It’s an enormous pleasure to introduce our guest poet. Safia and I met on a Poetry Business workshop a few years ago.
Safia Khan is a newly qualified doctor and poet. Her debut pamphlet (Too Much Mirch, Smith | Doorstop) won the 2021 New Poet’s Prize. Safia’s full biography can be found below her stunning poems.
Dave
Let’s discharge him today.
We’re wasting a bed keeping him here,
I know a lost cause when I see one.
No need to biopsy, it’s clearly end-stage.

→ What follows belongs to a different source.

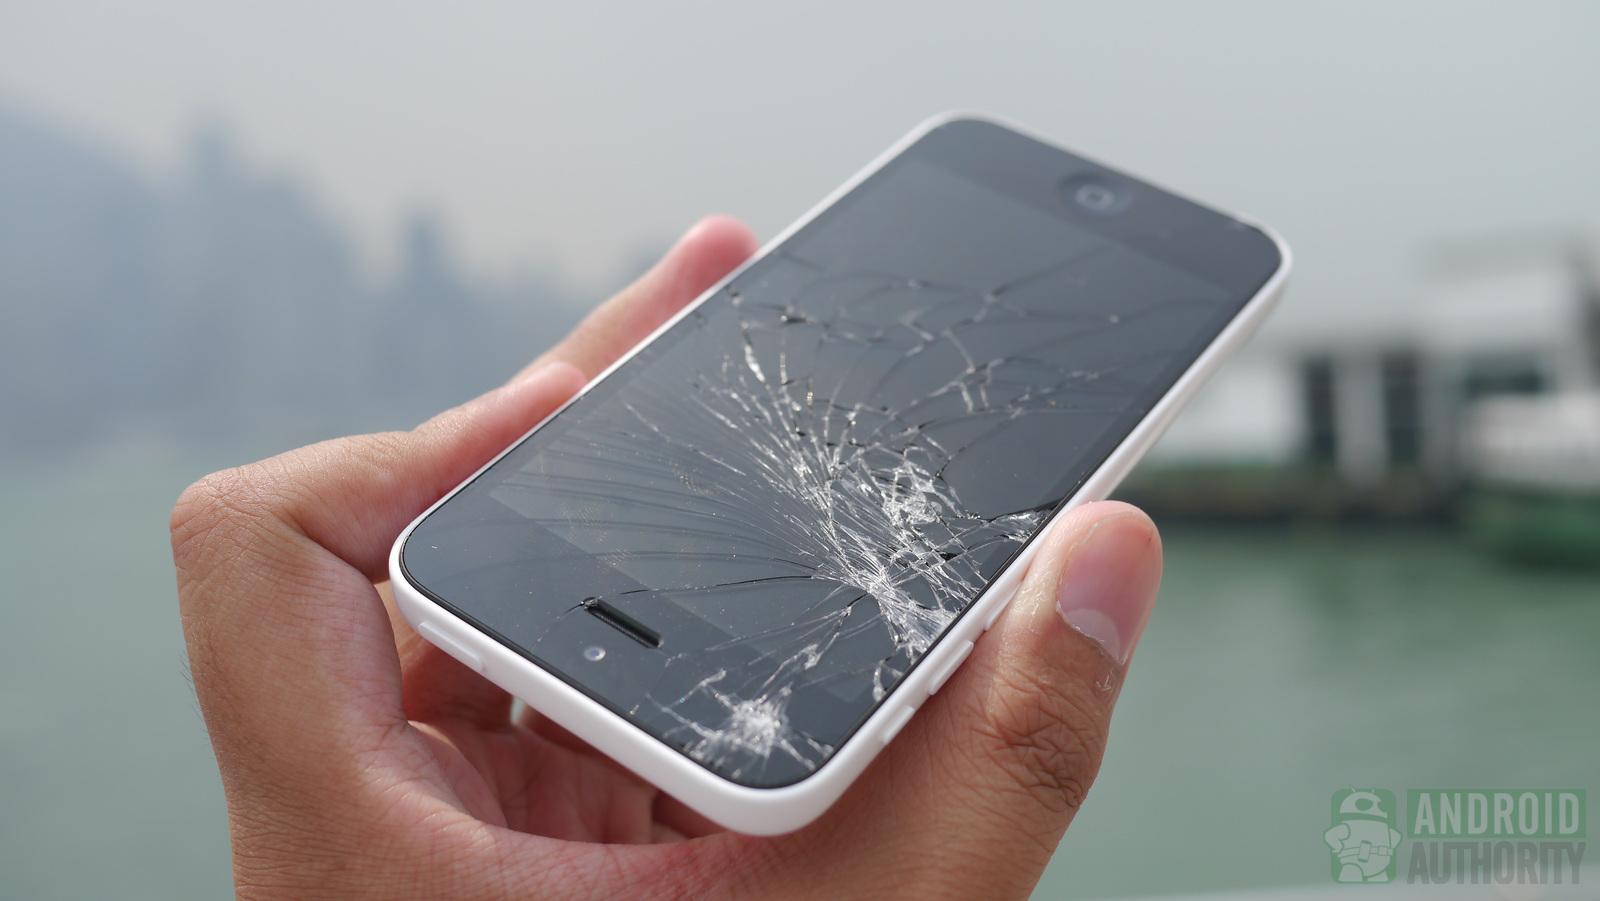 iPhone 5s vs 5c drop test: is Apple's plastic better?

Sadly, not much we can do at this point,
best to discharge him today.
He’s asked, but don’t bother with a referral
to Addiction Services – he won’t engage.
Trust me, I know a lost cause when I see one.

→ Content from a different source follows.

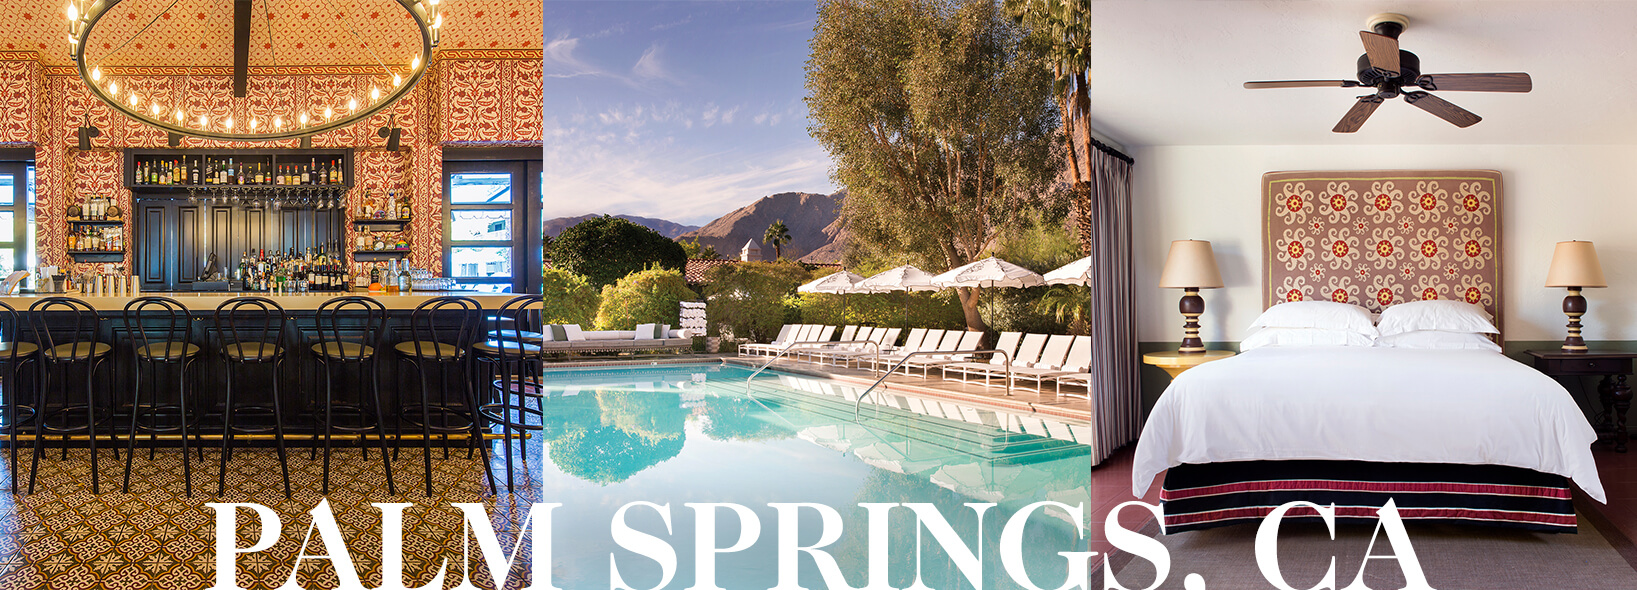 Palm Springs, California header

Before you book his cab, tell him he needs
to break the cycle. Record it, otherwise
we can’t discharge him today.
His notes say no fixed abode. He mentioned
a daughter. I doubt she’ll take him in this state,
that’s a lost cause if I’ve ever seen one.
Social services have called twice now.
The daughter asked why she wasn’t contacted.
I said they told me to discharge him,
they knew a lost cause when they saw one.
On Placement
I donned mask, visor, and apron,
washed my hands the right way,
correctly identified an osteophyte
at the acromioclavicular joint,
imagined the right diagnosis,
asserted the wrong ones,
was humbled like pines after avalanche,
inspected behind the curtain,
tried not to register relief
when hers looked like mine,
translated incorrectly, blamed my parents
for speaking English in the house.
I donned mask, visor, and apron,
washed my hands the right way,
noted an antibiotic prescription
for a young wife’s sudden death,
and a son’s hanging decades later,
ate fish and chips during a discussion
on seven-year old M, presenting with
pain down there (by his cousin),
taken into care after being removed
for witnessing Mum’s self-immolation.
After, I wiped
the mushy peas from my mouth.
I donned mask, visor, and apron,
washed my hands the right way,
vaccinated death in a red dressing gown,
touched its eggshell, auscultated its yolk.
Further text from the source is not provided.